__AVAILABLE DATA__:
>>>>

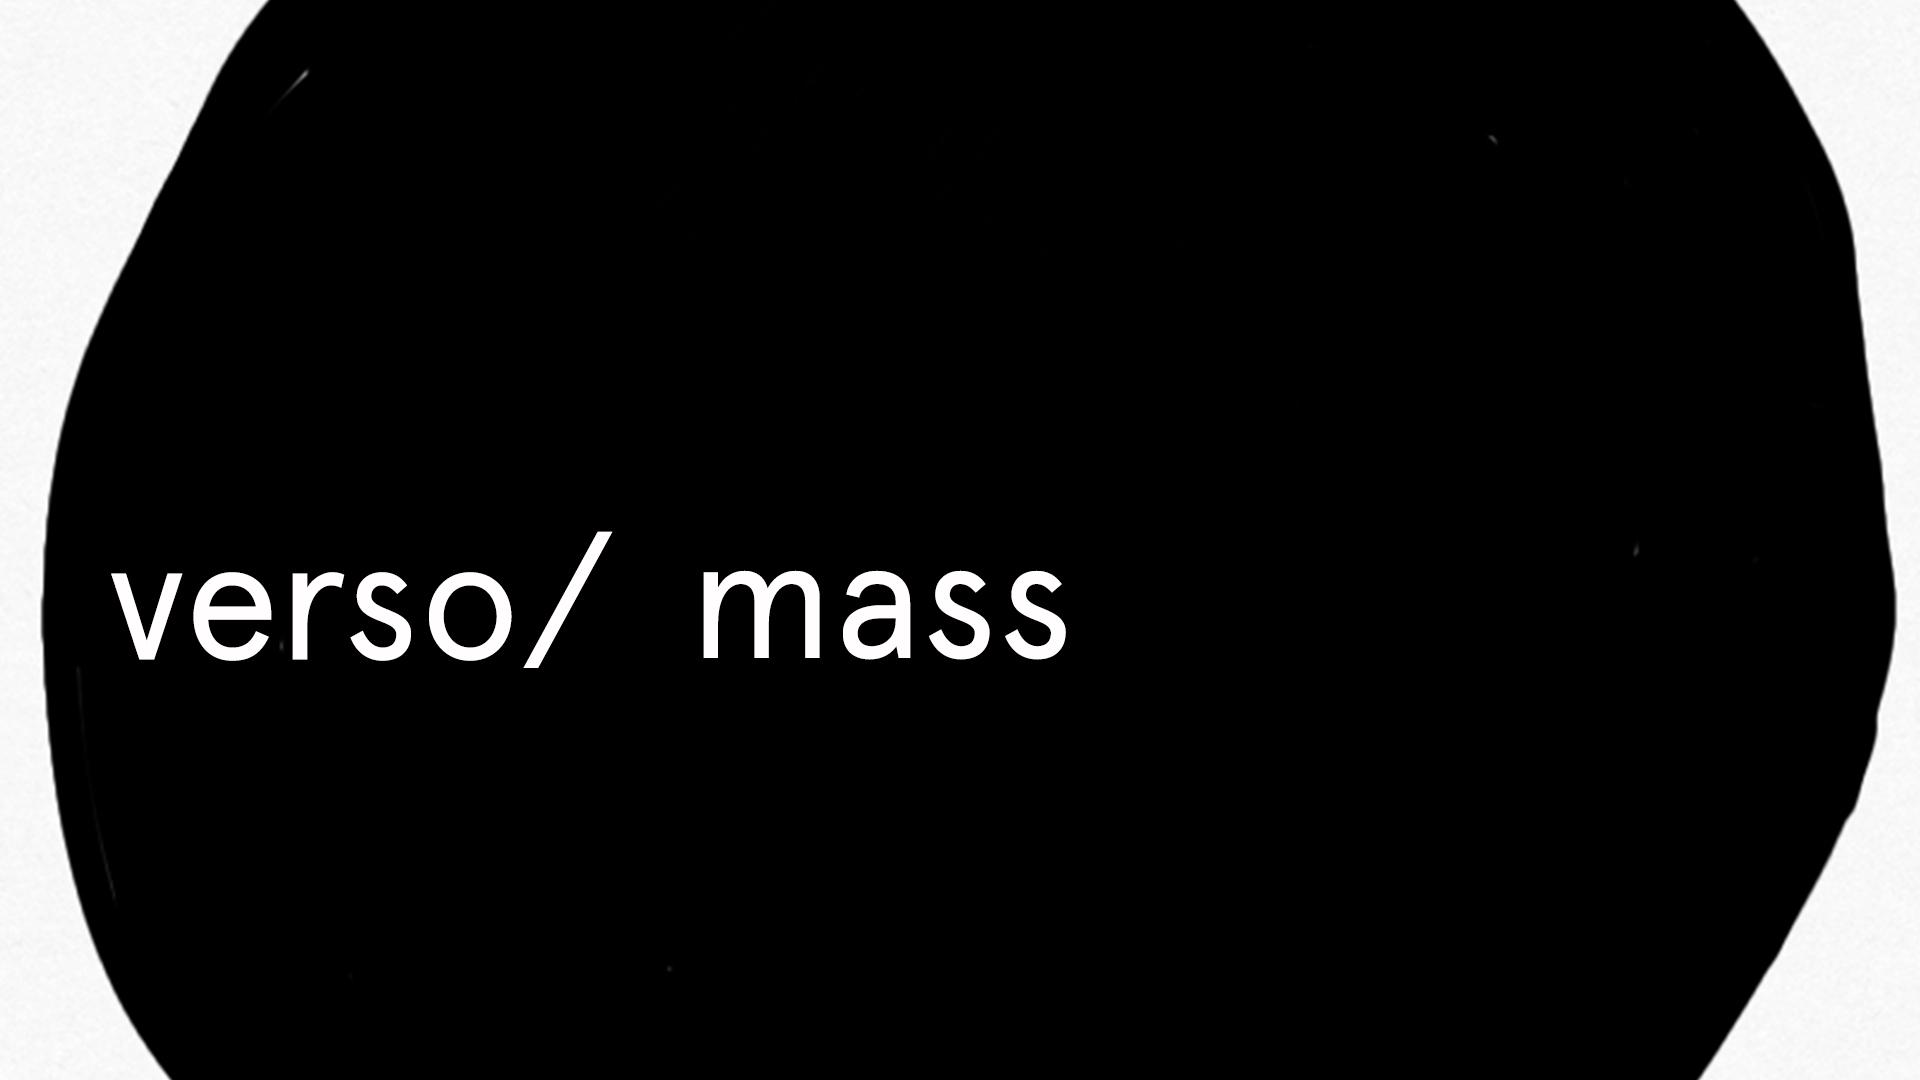 Verso mass_December_3.jpg
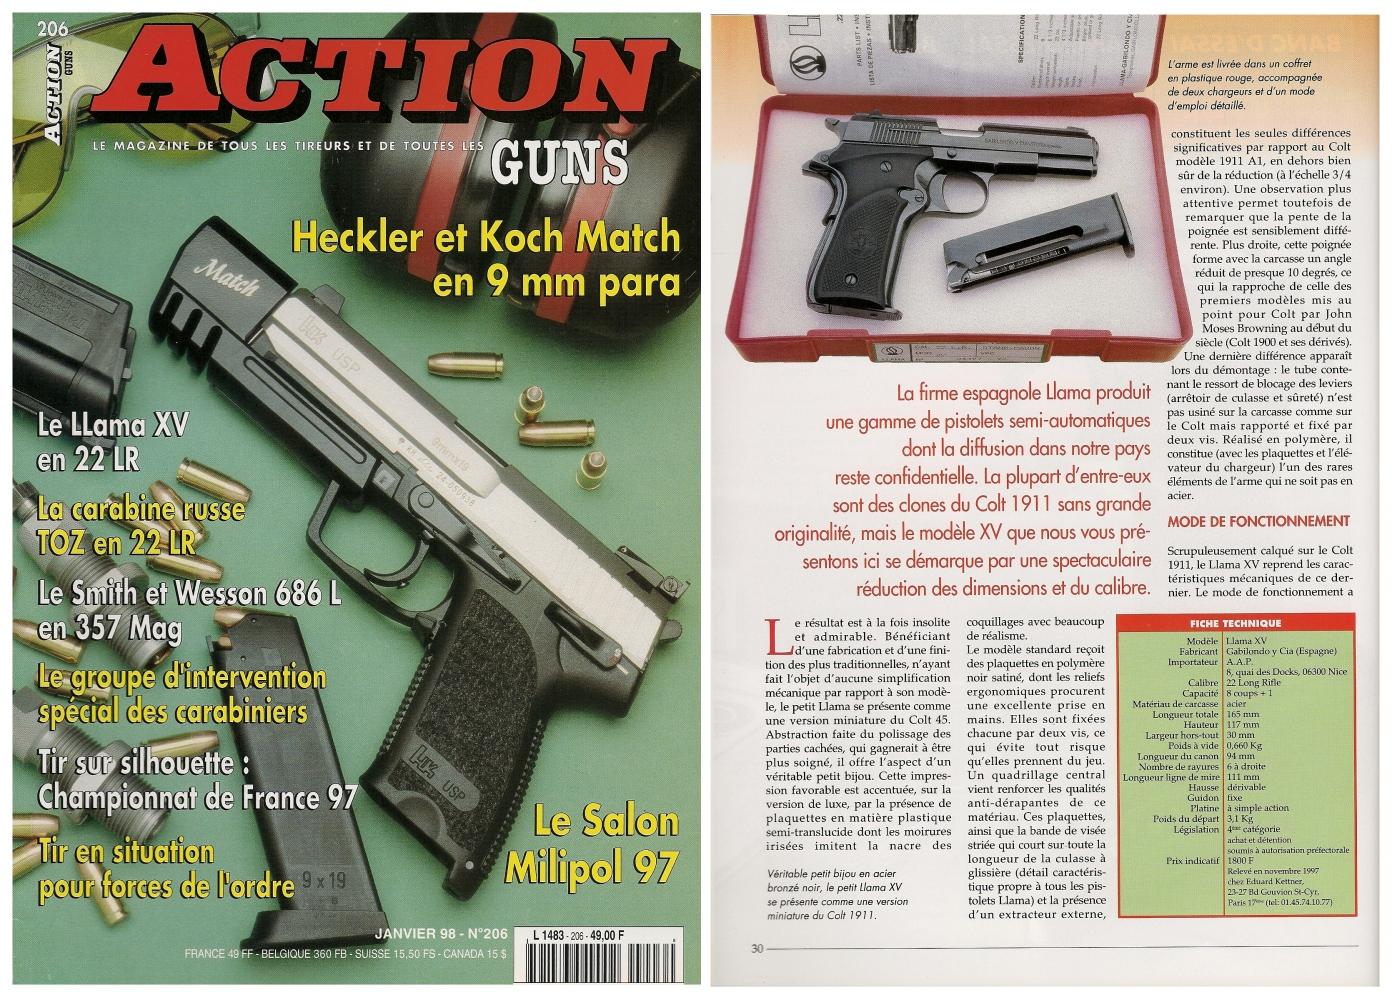 Le banc d'essai du pistolet Llama XV a été publié sur 6 pages dans le magazine Action Guns n° 206 (janvier 1998).
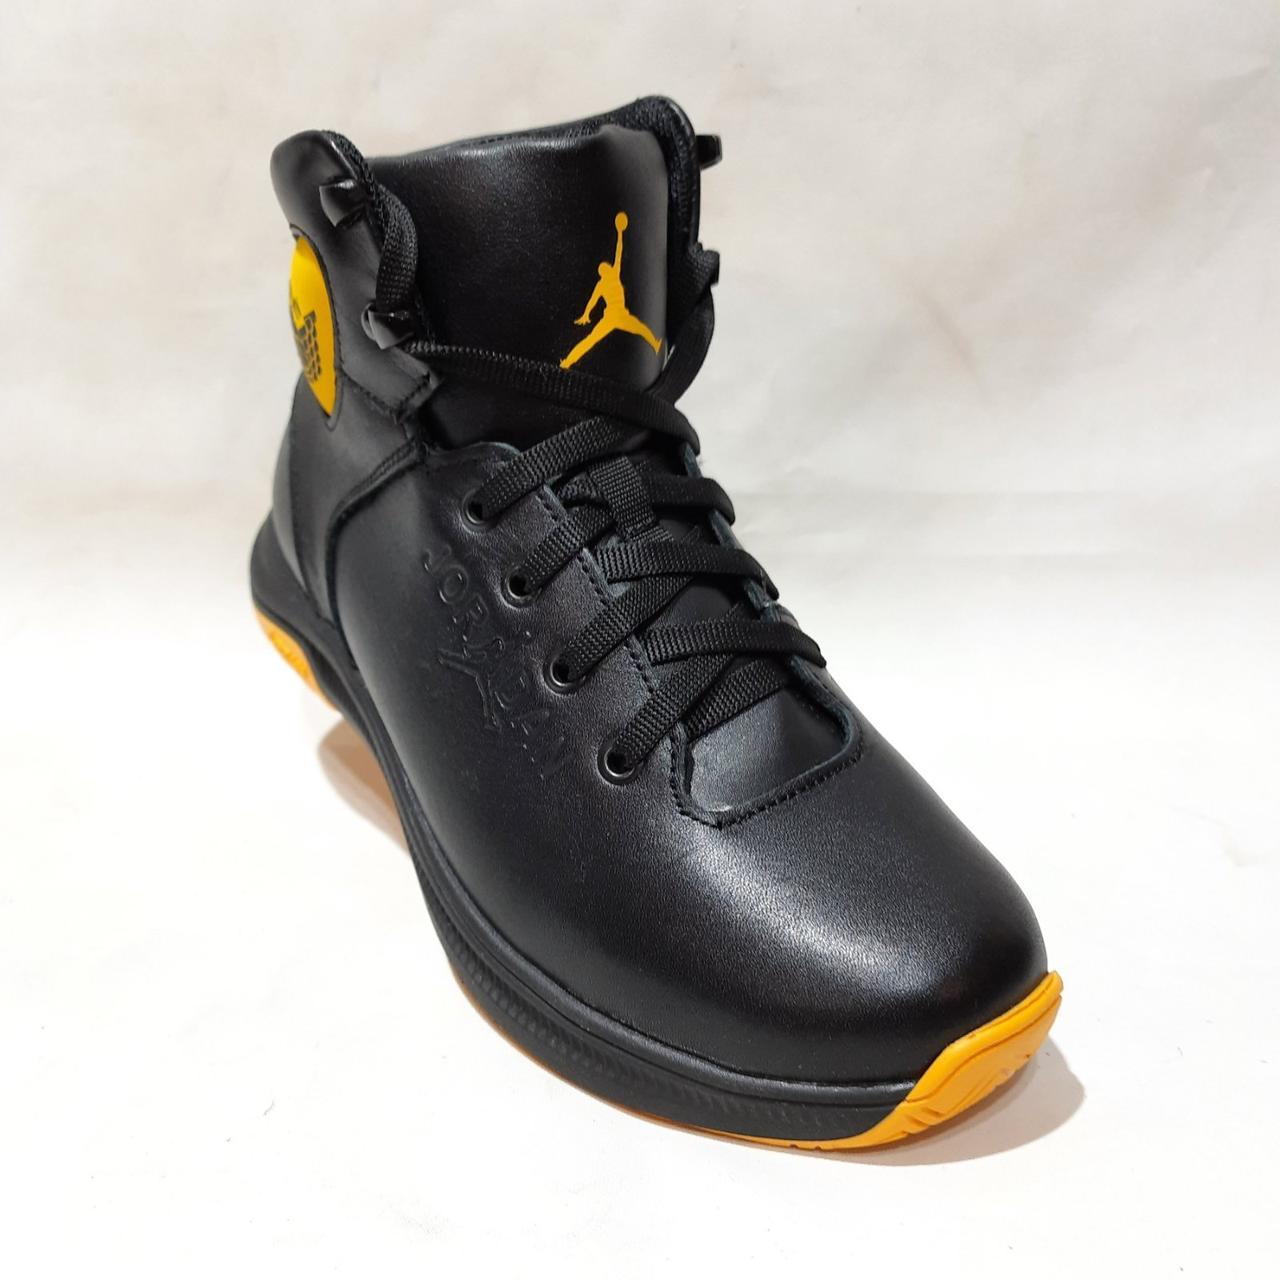 Мужские зимние спортивные кожаные ботинки теплые кроссовки на меху Черные

<<<<

Word-for-word restatement: every line from the one with "Le banc d'essai" through the final line of the data, both ends included, pictures excluded.

__RESULT__:
 Le banc d'essai du pistolet Llama XV a été publié sur 6 pages dans le magazine Action Guns n° 206 (janvier 1998).
 Мужские зимние спортивные кожаные ботинки теплые кроссовки на меху Черные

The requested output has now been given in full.